LLama2‐70B‐MLPerf Benchmark Setup (NVIDIA) - KrArunT/InfobellIT-Gen-AI GitHub Wiki

MLPerf Llama2-70B Inference instructions

Environment Setup:

Clone MLPerf repo:

git clone https://github.com/mlcommons/inference_results_v4.1.git
cd inference_results_v4.1/closed/NVIDIA 

Directory to store all inference trained models and data

export MLPERF_SCRATCH_PATH=/path/to/scratch/space

Create required directories to run MLPerf inference workloads

mkdir $MLPERF_SCRATCH_PATH/data $MLPERF_SCRATCH_PATH/models $MLPERF_SCRATCH_PATH/preprocessed_data 

Do the following changes to execute as root without adding root in docker group. Comment out the following lines.

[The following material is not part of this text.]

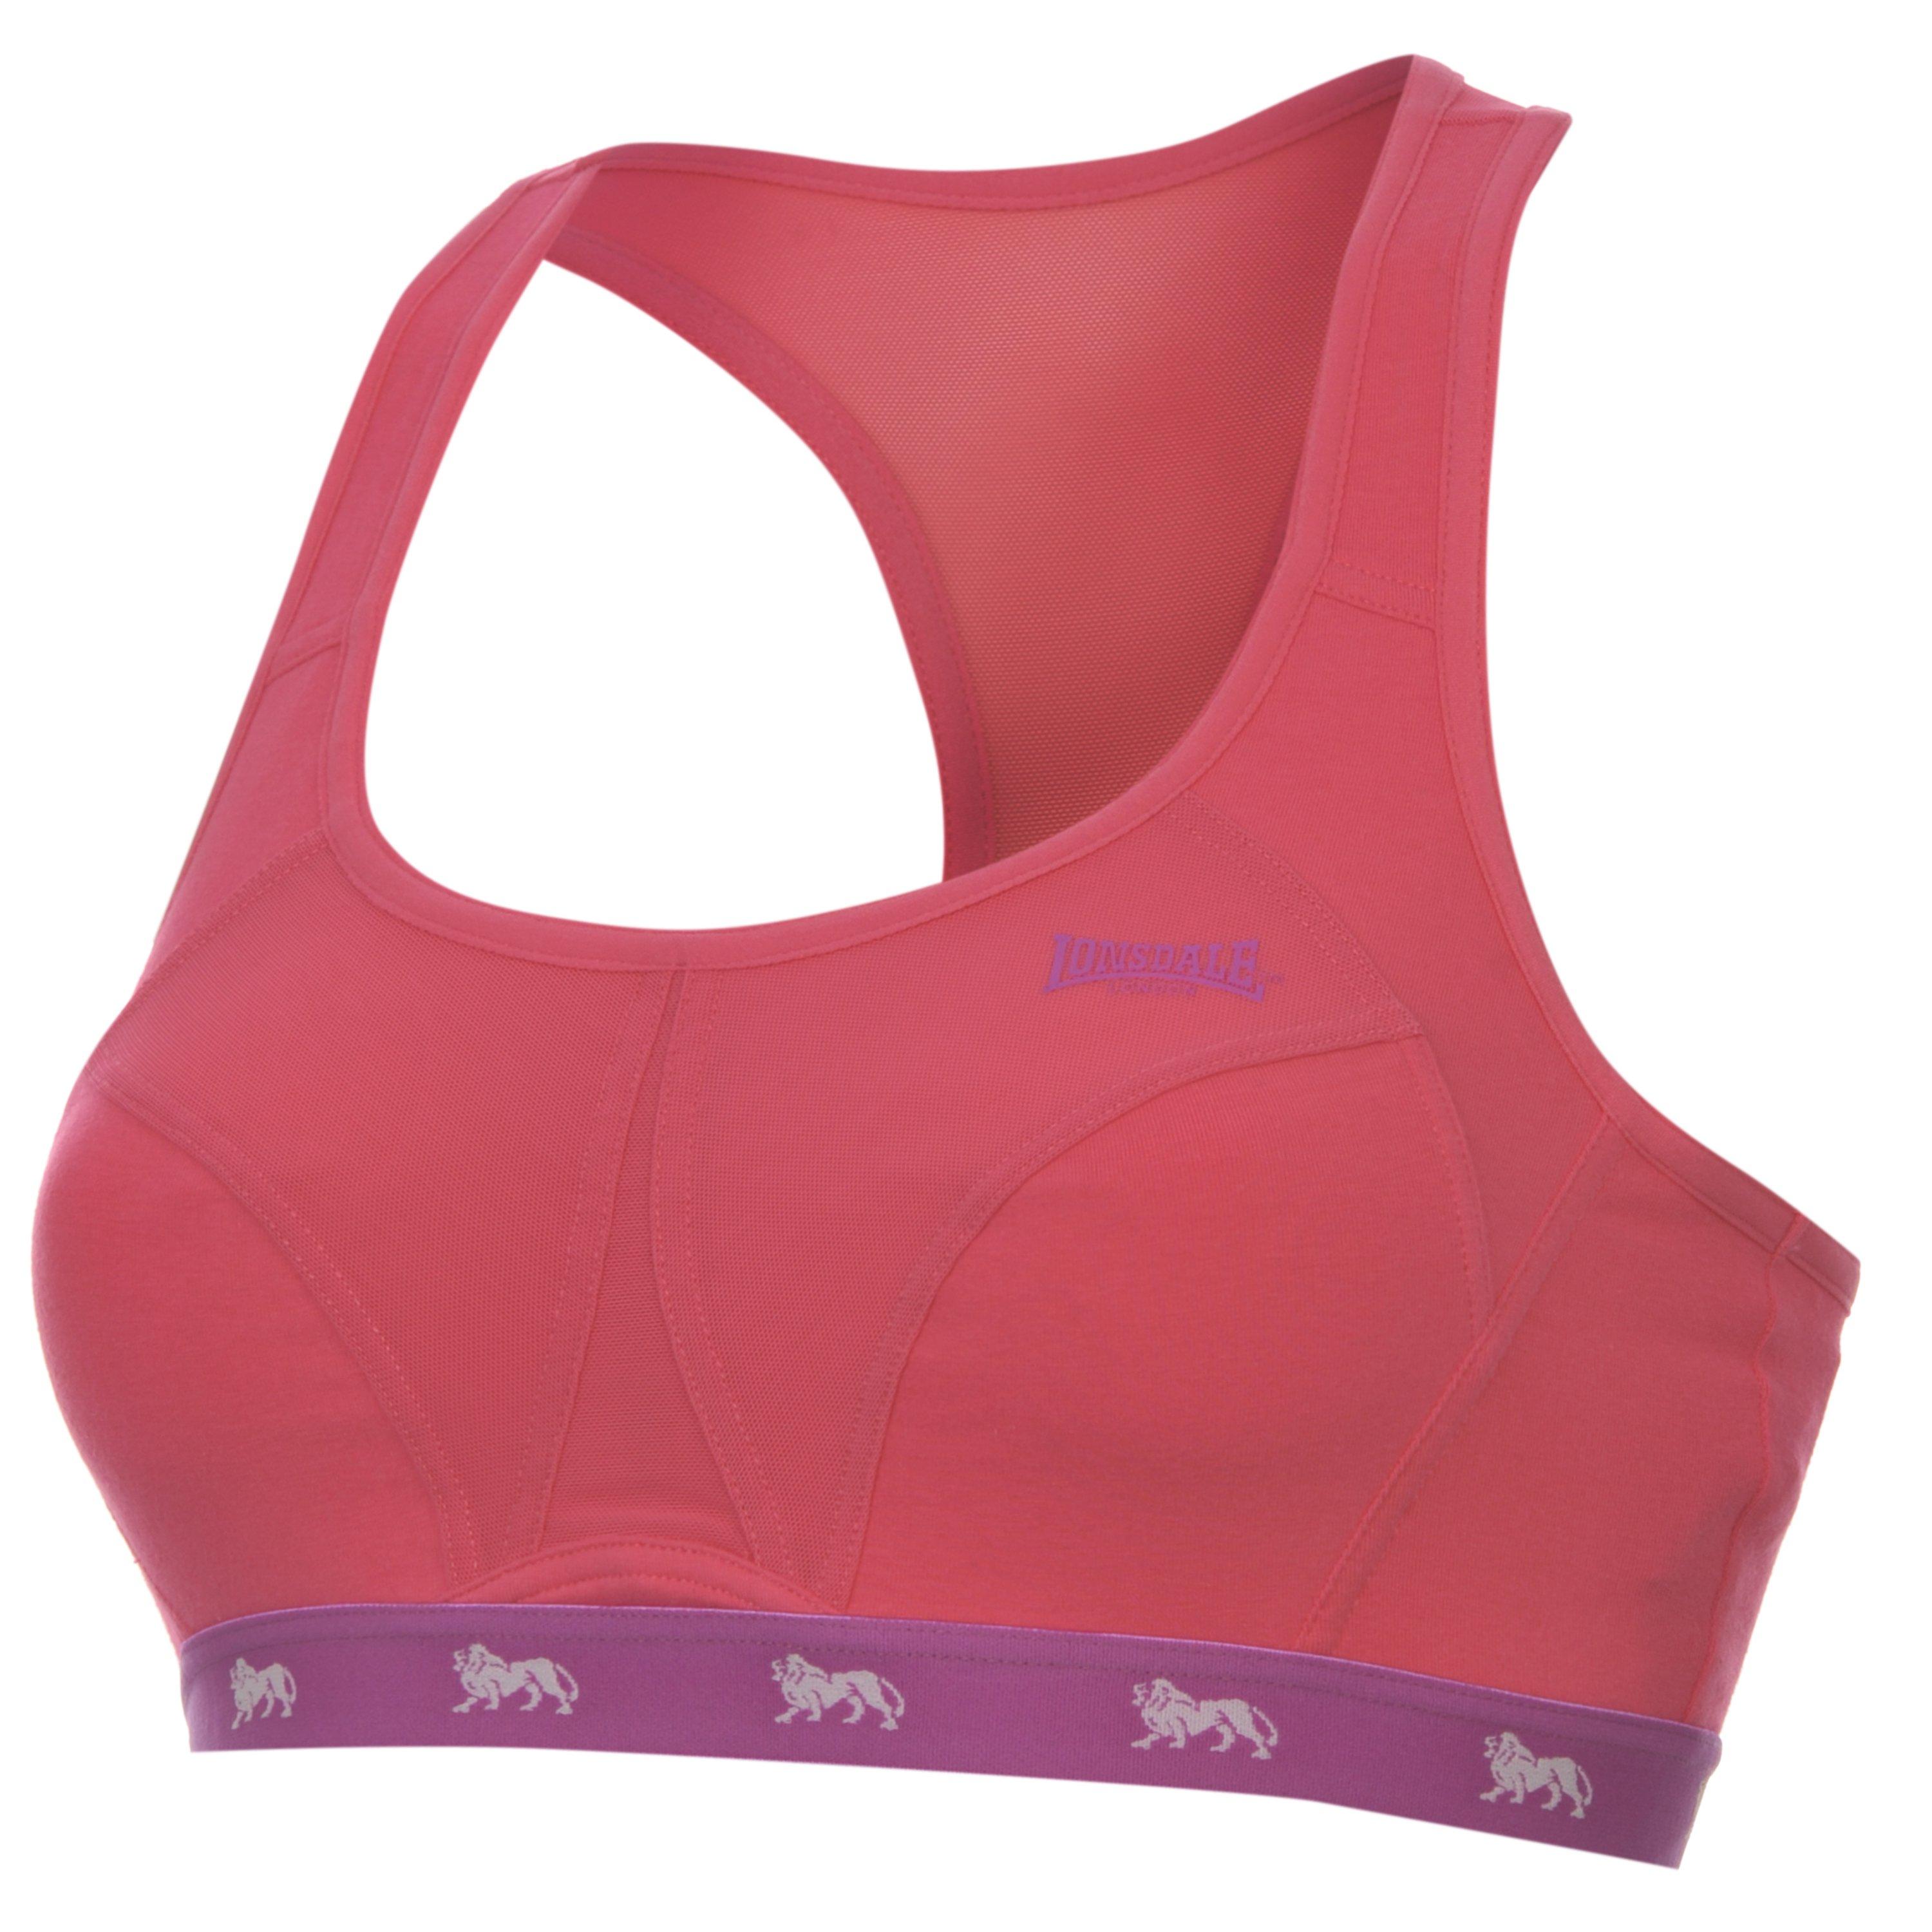 Lonsdale Sports Bra (34C), Women's Fashion, Activewear on Carousell

nano docker/Dockerfile.user  

Comment following lines:

#RUN echo root:root | chpasswd \ 
# && groupadd -f -g ${GID} ${GROUP} \ 
# && useradd -G sudo -g ${GID} -u ${UID} -m ${USER} \ 
# && echo ${USER}:${USER} | chpasswd \ 
# && echo -e "\nexport PS1=\"(mlperf) \\u@\\h:\\w\\$ \"" | tee -a /home/${USER}/.bashrc \ 
# && echo -e "\n%sudo ALL=(ALL:ALL) NOPASSWD:ALL\n" | tee -a /etc/sudoers 

Update with:

RUN if ! id -u ${USER} > /dev/null 2>&1; then \ 
        groupadd -f -g ${GID} ${GROUP} && \ 
        useradd -G sudo -g ${GID} -u ${UID} -m ${USER} && \ 
        echo ${USER}:${USER} | chpasswd && \ 
        echo -e "\nexport PS1=\"(mlperf) \\u@\\h:\\w\\$ \"" | tee -a /home/${USER}/.bashrc && \ 
        echo -e "\n%sudo ALL=(ALL:ALL) NOPASSWD:ALL\n" | tee -a /etc/sudoers; \ 
    fi 

Inside Docker Container

Launching the docker container with required mount directories

make prebuild DOCKER_ARGS="-v <Files with data,model and preprocessed_data directories> :/home" 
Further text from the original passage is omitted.